In Henry Huggins' neighborhood Tribute: A sculpture garden in Portland, Ore., honors beloved children's author Beverly Cleary and her classic characters.

Sun Journal

July 08, 1996|By Mark Hyman | Mark Hyman,SUN STAFF

PORTLAND, Ore. -- For nearly five decades, the only place to visit Henry Huggins, children's literature's most famous newspaper-delivery boy, was the shelf of a bookstore or a library.

Now, there's an artful alternative.

Fans of Henry can drop by the Beverly Cleary sculpture garden. In a city park, beside a row of well-worn tennis courts, they can poke Henry's arm, bark at his faithful dog, Ribsy, and wag a disapproving finger at their precocious pal, Ramona Quimby.

The garden is a tribute to Cleary, a longtime Portland resident and one of the world's most beloved children's authors.

Her books for young readers, beginning with "Henry Huggins" in 1950 and including such children's classics as "Ramona the Pest" and "Dear Mr. Henshaw," have sold 75 million copies, in 20 countries in 14 languages.

The sculpture garden is expected to open officially later this month. Committee members will turn on a fountain that squirts water between the life-size bronze statues, which were sculpted by artist Lee Hunt.

The project has been in the planning stages almost 20 years.

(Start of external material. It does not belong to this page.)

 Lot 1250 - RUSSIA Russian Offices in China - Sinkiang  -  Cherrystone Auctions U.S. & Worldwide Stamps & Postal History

The past five have been a whirl of activity for a group of local residents devoted to Cleary's work. During that time, they won the author's approval for their idea, enlisted city government support and mounted a national fund-raising campaign that netted $227,000.

Portland residents consider the money well spent.

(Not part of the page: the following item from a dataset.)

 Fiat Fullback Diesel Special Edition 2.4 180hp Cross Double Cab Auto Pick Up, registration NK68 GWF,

"The average Portlander reveres Mrs. Cleary," says Doris Kimmel, co-chairman of Friends of Henry and Ramona, the nonprofit organization that raised the money. "She's like a great-aunt. Her books are so wonderful. For many children, they were the first chapter books they ever read."

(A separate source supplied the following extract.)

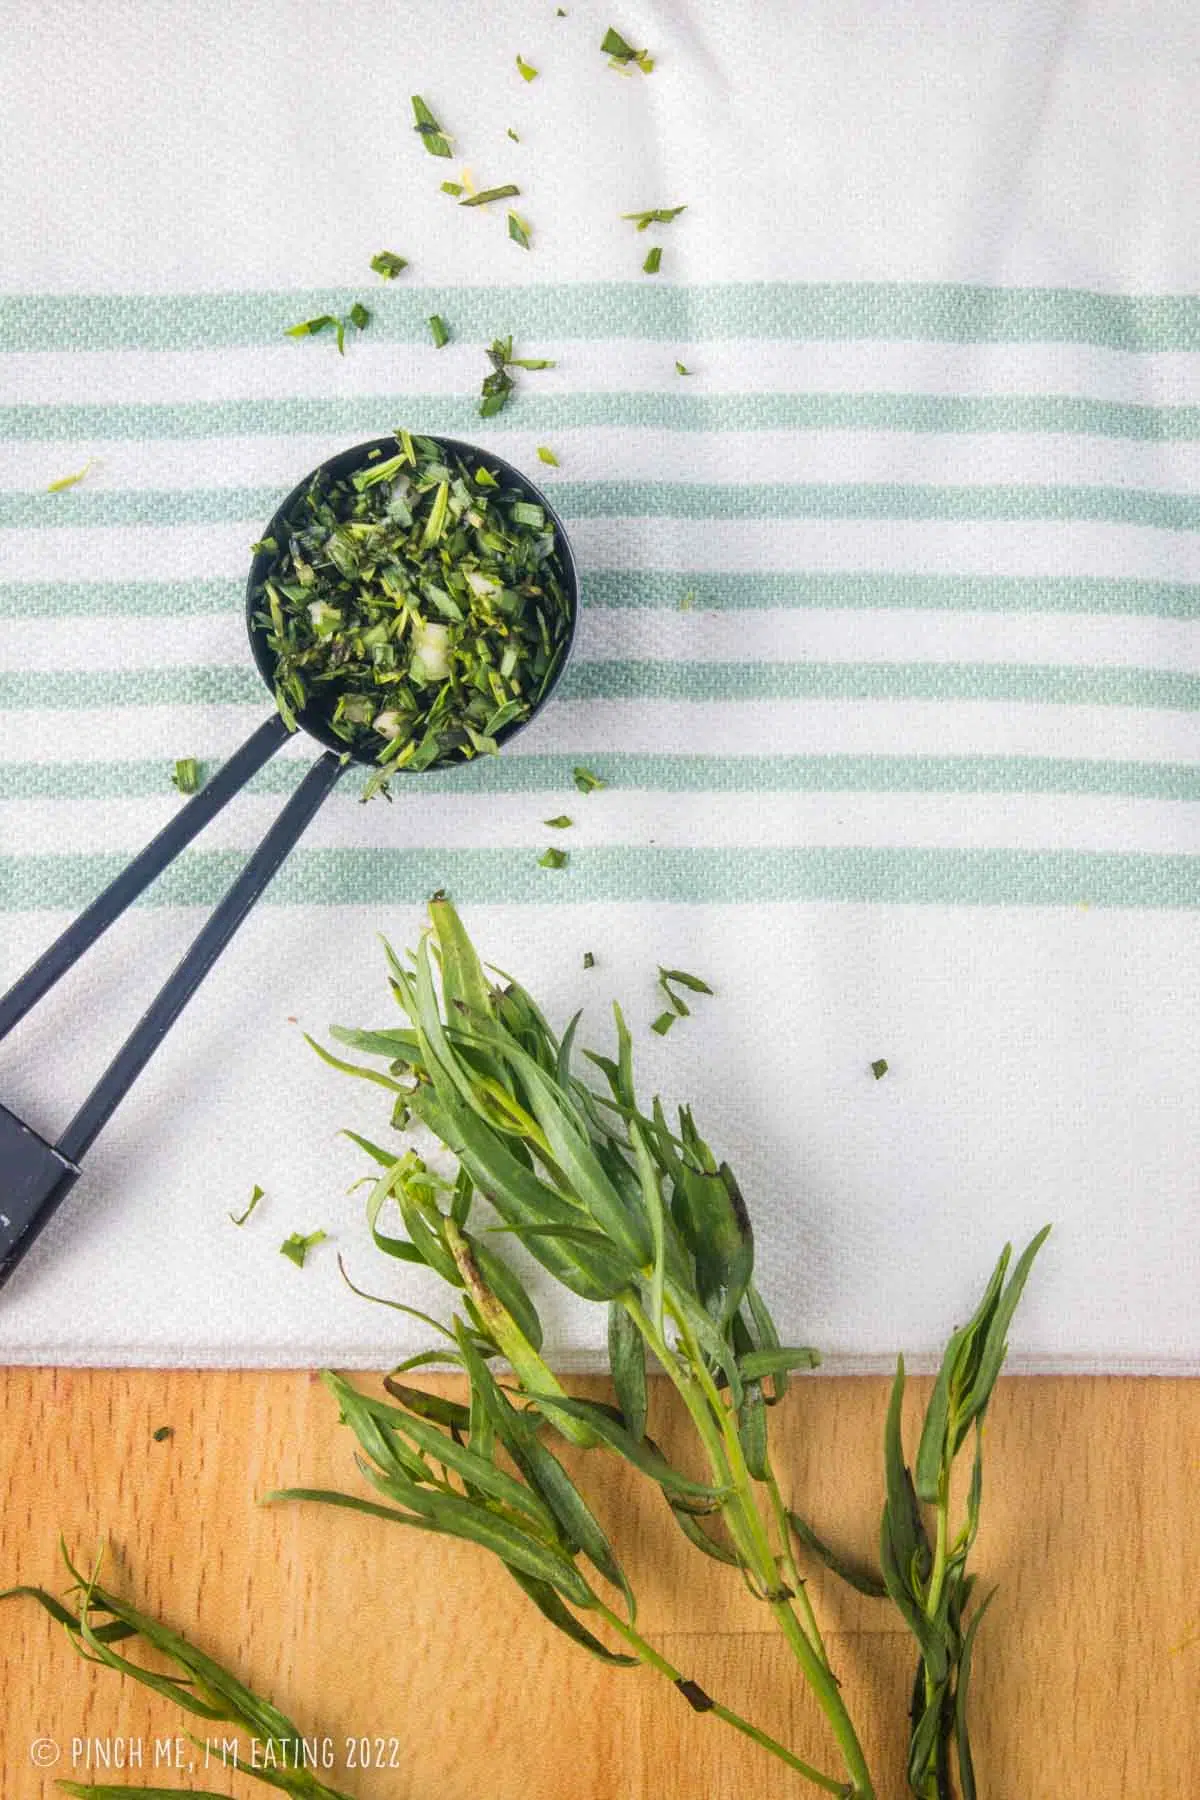 Chopped fresh tarragon in a measuring spoon on a kitchen towel on butcher block counter next to a stem of fresh tarragon leaves.

Cleary, 80, says she's pleased the garden has become a local gathering place. Her mail tells her that it's also fast becoming a tourist destination.

"I've heard of schools in Oregon that have gone on field trips to see it," she says from her home in Carmel, Calif., where she has been living several years with her husband, Clarence. "I get letters from visitors to Portland who have been there. If it encourages children to read, it's wonderful."

Cleary has proved to be a children's author with staying power. ** Other writers connect with young readers for a while -- Judy Blume in the 1980s and R. L. Stine, whose "Goosebumps" series is the current rage. But Cleary's work is durable. She has never stopped writing. After "Henry Huggins," she turned out a book a year for the next 25, pausing -- for now -- at 39. The books rarely have been out of print and remain strong sellers.

The appeal of Cleary's books is simply explained: She creates believable characters. Then she places them in real, often amusing, situations. Like the time Henry sold night crawlers door-to-door to pay for his friend's football. Or Ramona baked a birthday cake, mixing her favorite doll into the batter.

"Mrs. Cleary gets into the minds of children to an uncanny degree," says Eric A. Kimmel, Doris' husband, who is the author of about three dozen children's books and a former professor of children's literature at Portland State University. "Her books are very funny, but her characters don't necessarily do stupid or silly things.

"It's children trying to cope with the difference between what adults say and what they mean. Or kids figuring out how to solve a problem and maybe not going about it in the wisest or most efficient way."

The idea for a sculpture garden honoring Cleary's characters was hatched by the Kimmels almost 20 years ago.

The couple had recently moved to Portland and were settling into their home on the city's northeast side. One day, Eric Kimmel went out for a walk, hoping to meet a few neighbors and learn street names.

He'd walked several blocks when he came upon a street sign that stopped him. It said, "Klickitat Street."

"I thought, 'I've never been here before, but I know Klickitat Street. Why do I know Klickitat Street?'

"All of a sudden it came to me: 'For Pete's sake, Henry Huggins lives on Klickitat Street.' "

The Kimmels learned that they had moved into the neighborhood of tidy, wood-frame houses where Cleary grew up in the '20s and '30s. In her books, they discovered dozens of references to the streets, schools and other landmarks.

"I was astonished," Eric Kimmel says. "It was all right there. I'd moved to Henry Huggins' neighborhood and never realized it."

The Kimmels began to discuss a tribute to Cleary and her books. Eric Kimmel mentioned the idea to his students, inviting them to join with him in launching a campaign to honor Cleary.

One student accepted, and the project was off and running.

Over the next decade, the group's biggest challenge was raising money. Foundations and corporate givers chipped in $90,000, but most of the money came in small donations from across the country.

Maxine Behling, a retired schoolteacher in Maryland, sent a donation after learning about the project at a convention for librarians.